Variant quality filtering is operated in Variant Manager.
Use SNVs tab of the Variant Manager to apply basic filtering for SNVs and indels. These values are read from the opened VCF files and can be used interactively with the variant visualization.
The basic filters include:
To use separate quality filters for indels, go to Indels tab of Variant Manager and check "Use indel specific filters".
In somatic studies you can use the filters, tracks and comparison panel as in familial cases.
See example video of a whole-genome somatic variant analysis at our Youtube channel: "Somatic cluster analysis demonstration with BasePlayer"
Read analysis requires aligned BAM or CRAM files with index.
Variant quality metrics in VCF files are assessed by the used variant caller. Although the false positive rates of variant calls have decreased as methods have improved, read level inspection of variant calls and flanking regions are required in most cases. The integrated variant analysis and visualization in BasePlayer enables rapid workflow for variant validation - double-clicking the specific sample in the result table zooms in to the variant locus and expands the sample track. Reads appear on the sample track. Read level zoom enables user to inspect qualities, orientation, and mismatch rates of the overlapping and surrounding reads. In addition, the reference sequence and annotation tracks, such as repeat masker and mappability track, provide additional information about the variant calls.
Structural variants break points can be analyzed by inspecting discordant and splitted reads at the break point locus. BasePlayer groups discordant reads at the bottom to facilitate the analysis. The colors of the reads corresponds to either different kind of structural variant or chromosome color of the discordant read pair (in case read pairs have been mapped in different chromosomes). Concordantly mapped read pairs are colored as light green and red (forward and reverse strand).
On the above image, there is a LINE1 element at the left side of the left panel. Reads appear as dark, as the mapping quality is lower than set in the settings.
Colorful reads at adjacent to dark reads represents discordant reads, whose pair is aligned to different chromosome (color is determined by the pair's chromosome).
Double click discordant read to split the screen between the different chromosomes. You can split the screen as many times as
the monitor width allows.
At the right panel, there is a visible break point (mismatches in reads and in the coverage track).
Click read to view more information about the read.
Thousands of base pairs long reads are non-trivial to visualize, as a single read can span multiple genomic breakpoints, or multiple exons in the case of RNA data. BasePlayer recognizes long-read data, and makes a reasonable effort to present it properly. For instance, the researcher can divide the main screen between distinct genomic loci by double clicking a read that has been mapped to multiple locations (figure below). A demonstration video on how to visualize long-read data in BasePlayer can be viewed at the BasePlayer Youtube channel: "Third-generation sequencing data visualization with BasePlayer"
Three split views of the long read are shown, tracking the split mappings for a single long read. An inset info panel shows information on the selected read and a schematic illustration of split read orientations.
BasePlayer has a built in set of transcription factor position specific scoring matrices (PSSMs), obtained from Jaspar database and
https://www.nature.com/articles/nature15518.
If you are analysin the data with GRCh37, you can download aligned motifs from https://baseplayer.fi/tracks/ (TFbinding_sites_SELEX_GRCh37.bed.gz).

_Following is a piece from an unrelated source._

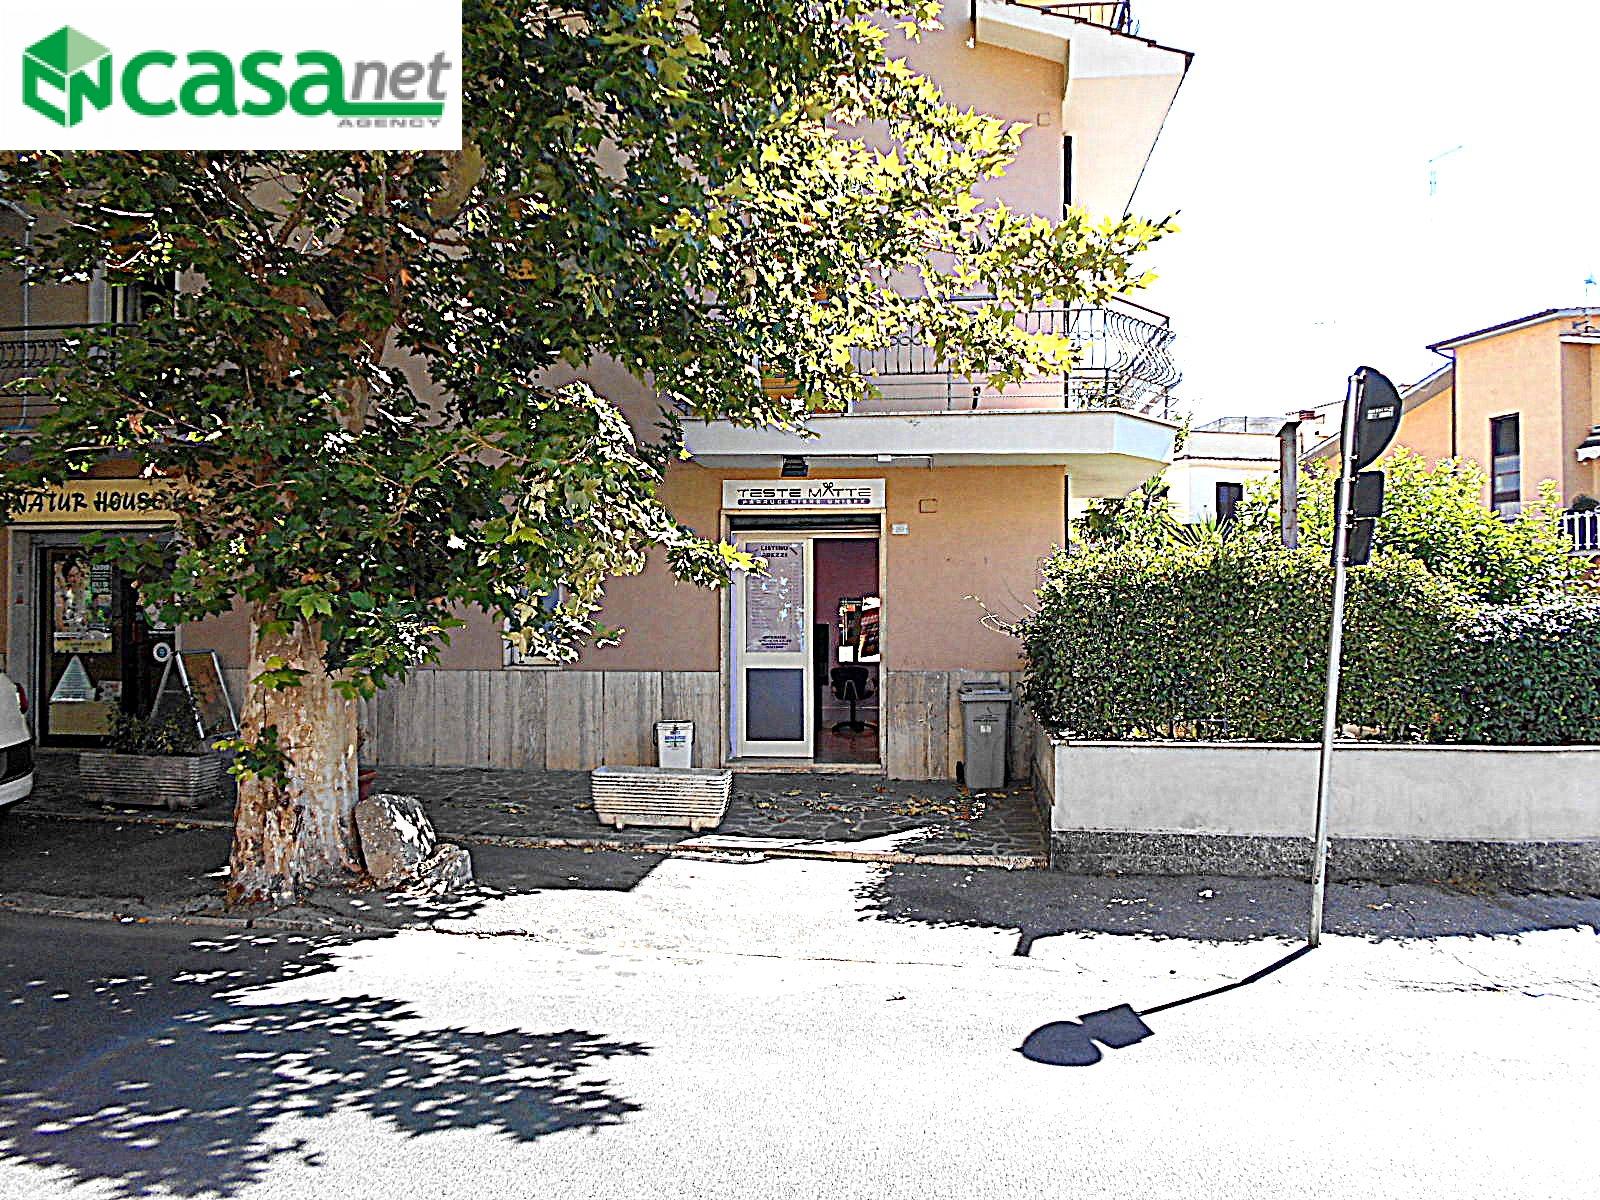 Negozio / Locale in affitto a Guidonia Montecelio, 9999 locali, zona Zona: Guidonia, prezzo € 480 | Cambio Casa.it

The BED file has the TF name in the "Name" field, which allows BasePlayer to recognize the correct PSSM for correct alignment and visualize it in place at the region track.

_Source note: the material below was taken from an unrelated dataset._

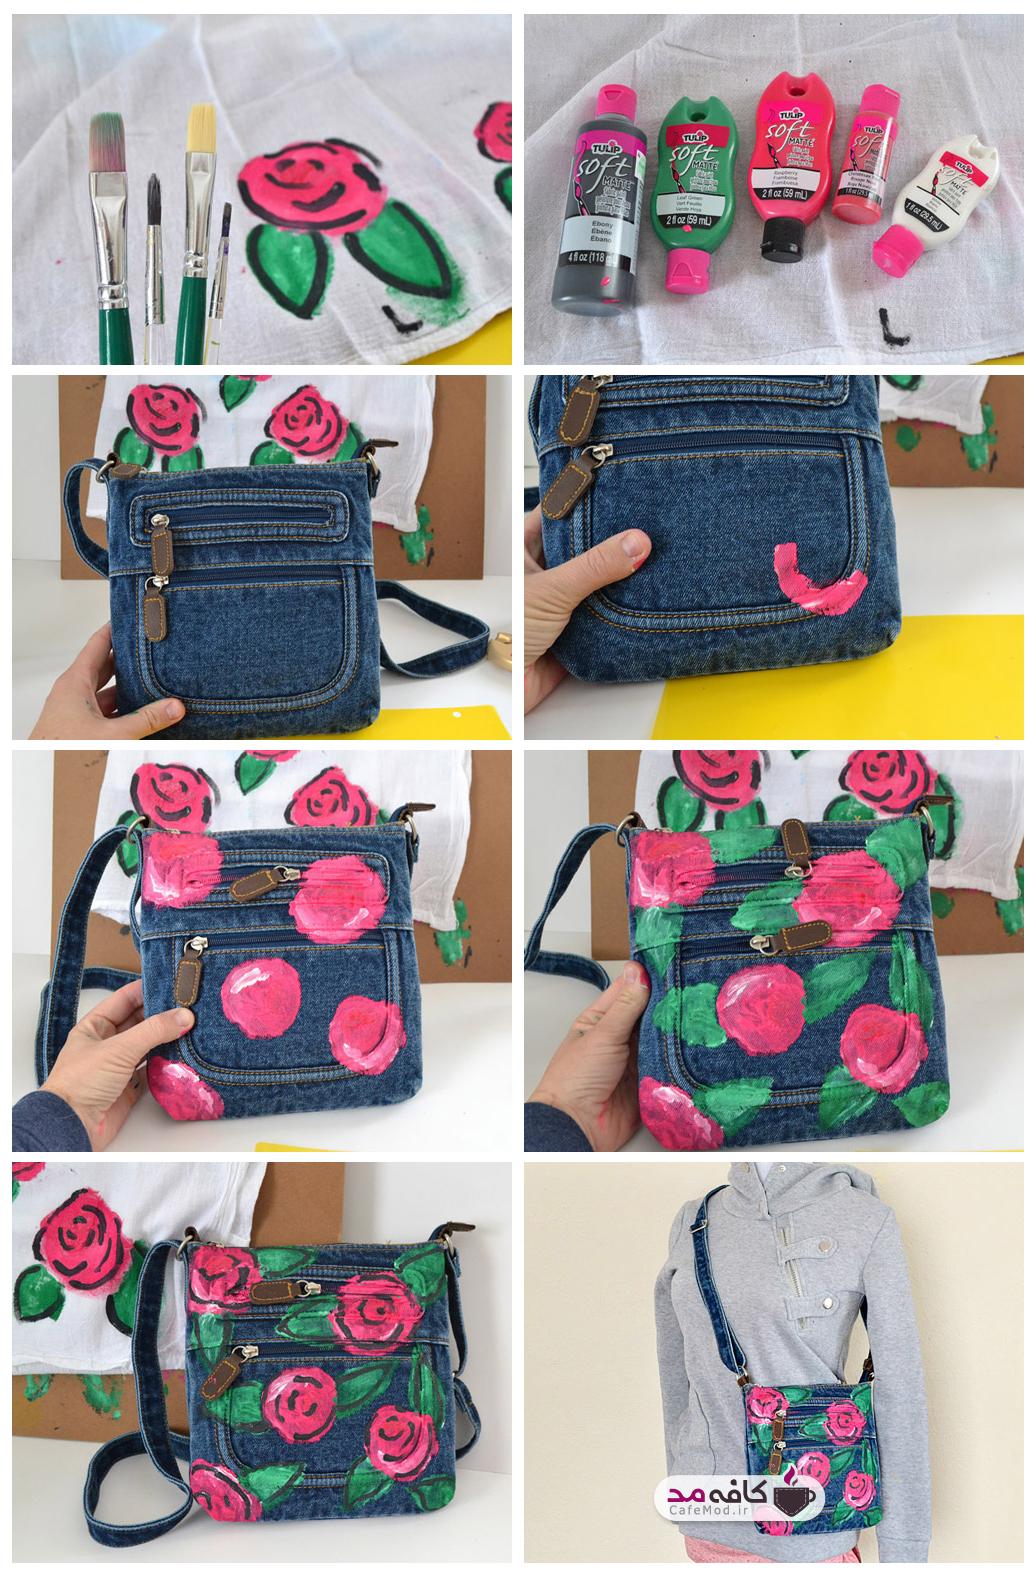 آموزش تزیین کیف جین با رنگ کردن

Option 1: download aligned motifs from Ensembl BioMart
Go to https://www.ensembl.org/ (make sure you go to correct version of the reference genome) and click BioMart from the header of the page.

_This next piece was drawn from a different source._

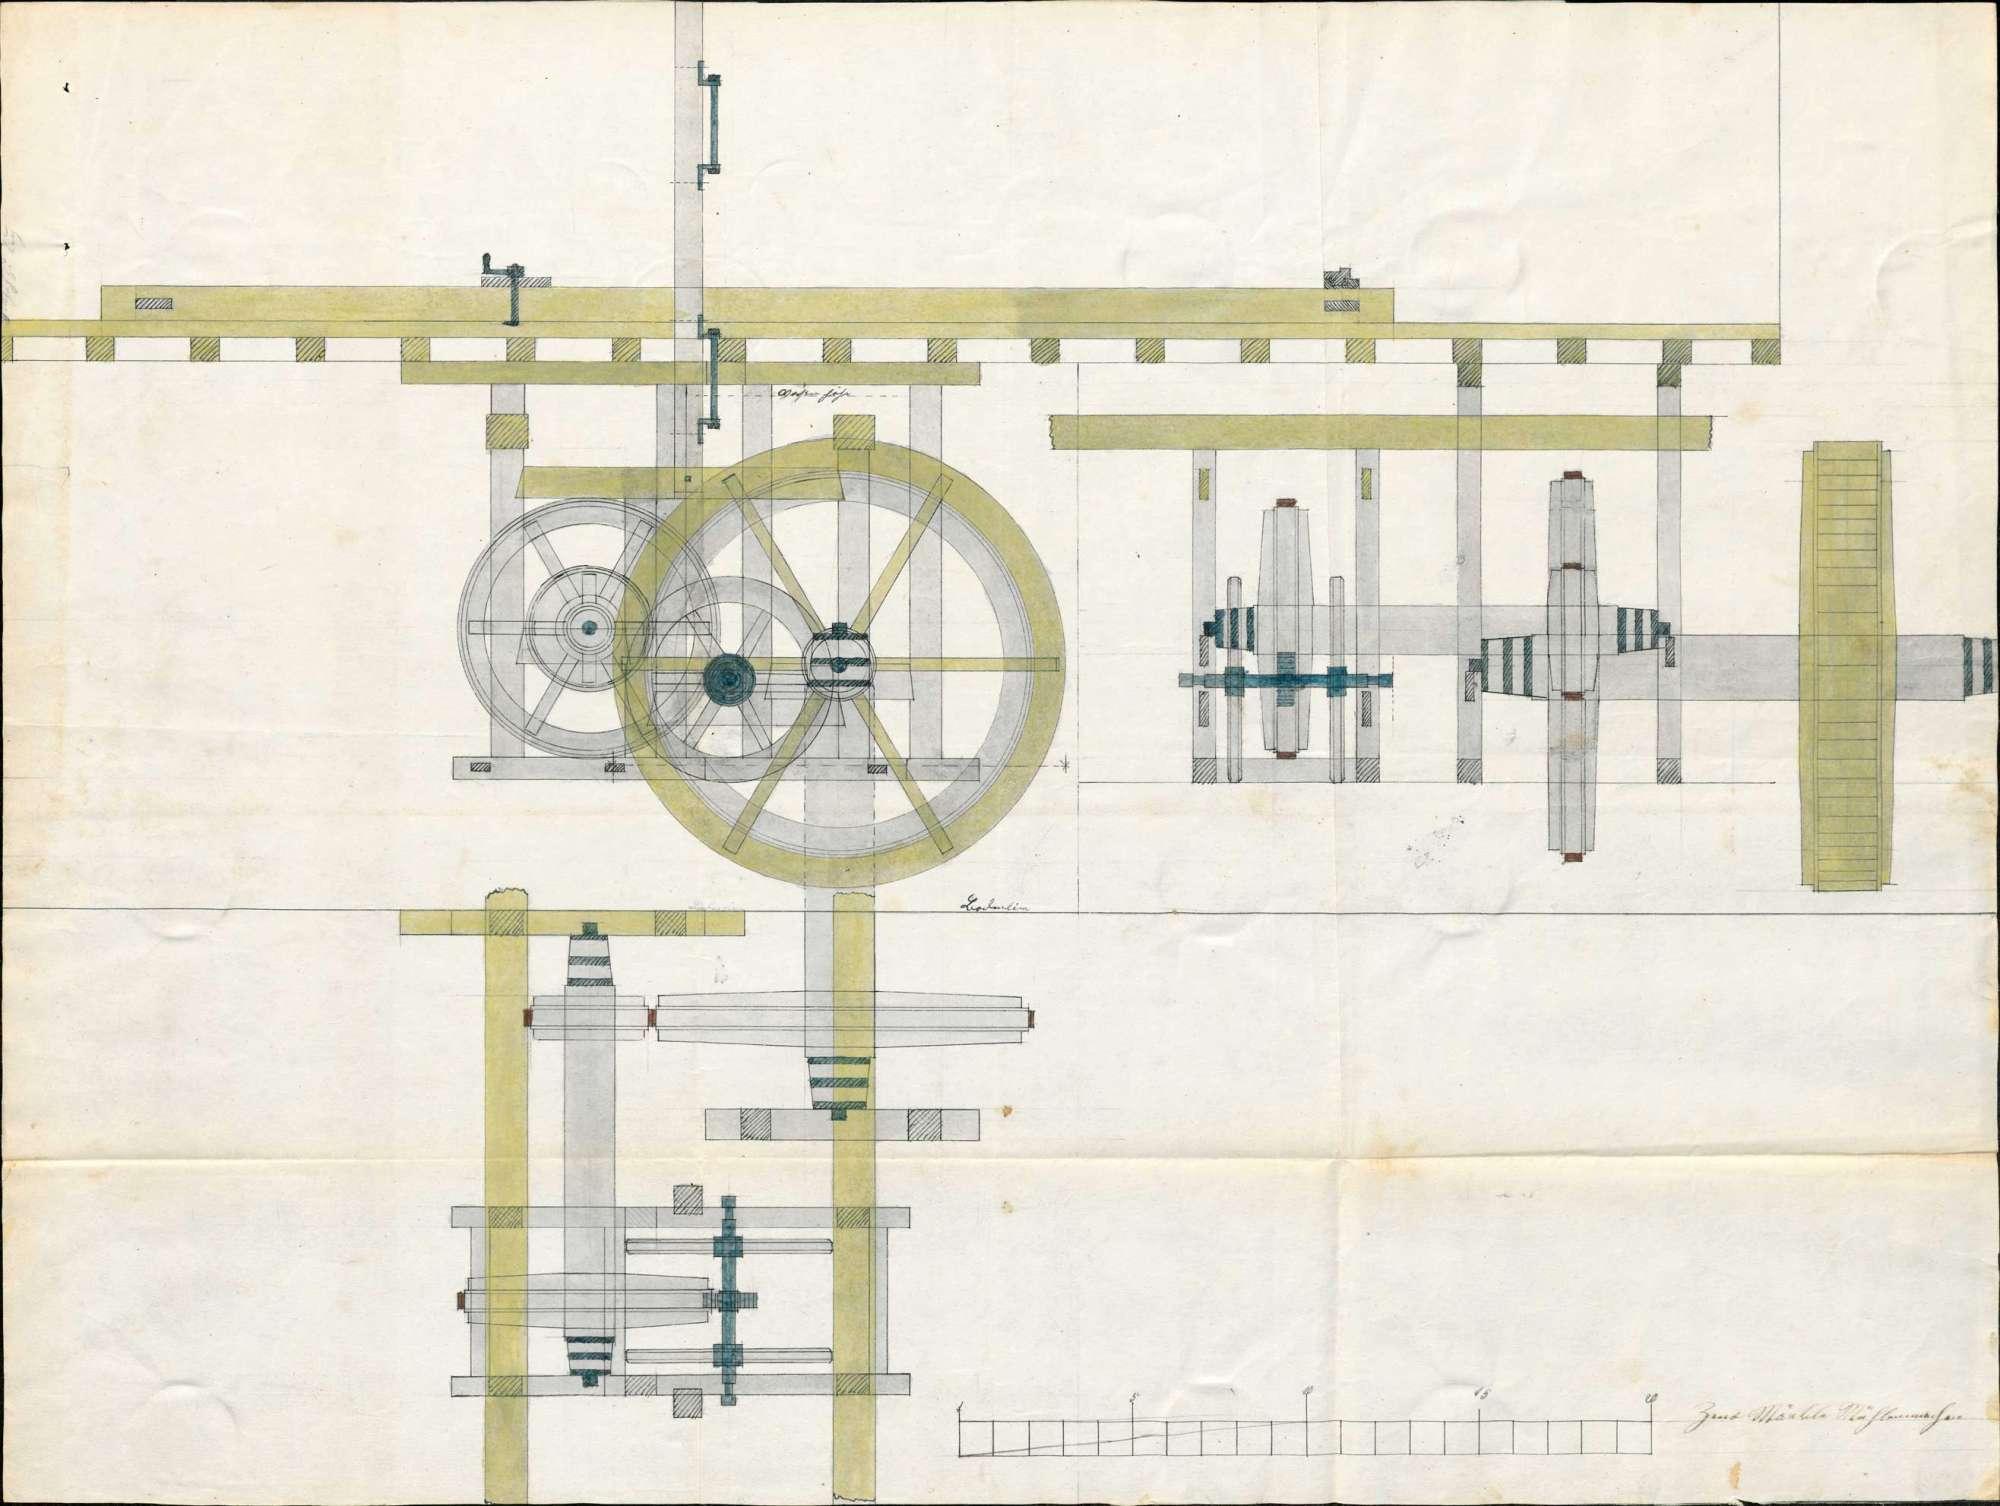 Baugesuch des Franz Joseph Haas von Kleinlaufenburg für eine Sägemühle am Andelsbach, Bild 1

Choose database -> Ensembl Regulation -> Choose dataset -> Human binding motifs.
Click "Attributes" and check the "Strand" checkbox.
Export the file as compresssed file and leave the TSV selected. Press "GO".
Open biomart file in BED converter and select "Name" for the Binding matrix column, and
chromosome, start,end and strand as in the original file header. Press convert.
Uncheck "zero based" from the track settings.
Option 2 (requires linux environment, python, bgzip and tabix): align and add motifs manually
You can add your own motifs to BasePlayer/additions/motifs folder. Create a .txt file and add the desired PSSMs in the file. Use the jaspar_pfm_add.txt as a template.
Motifs will be loaded to memory as the BasePlayer starts.
Use for example MOODS algorithm to align your motifs to the reference genome.
Conver MOODS output to BED file with this python script
Use following bash command:
cat moods_output.txt | python moods2bed.py | bgzip -c > output.bed.gz
After conversion create the tabix index for the file:
tabix -p bed output_bed.gz
The file can now be opened as a BasePlayer track and the motifs are visualized as a sequence logos.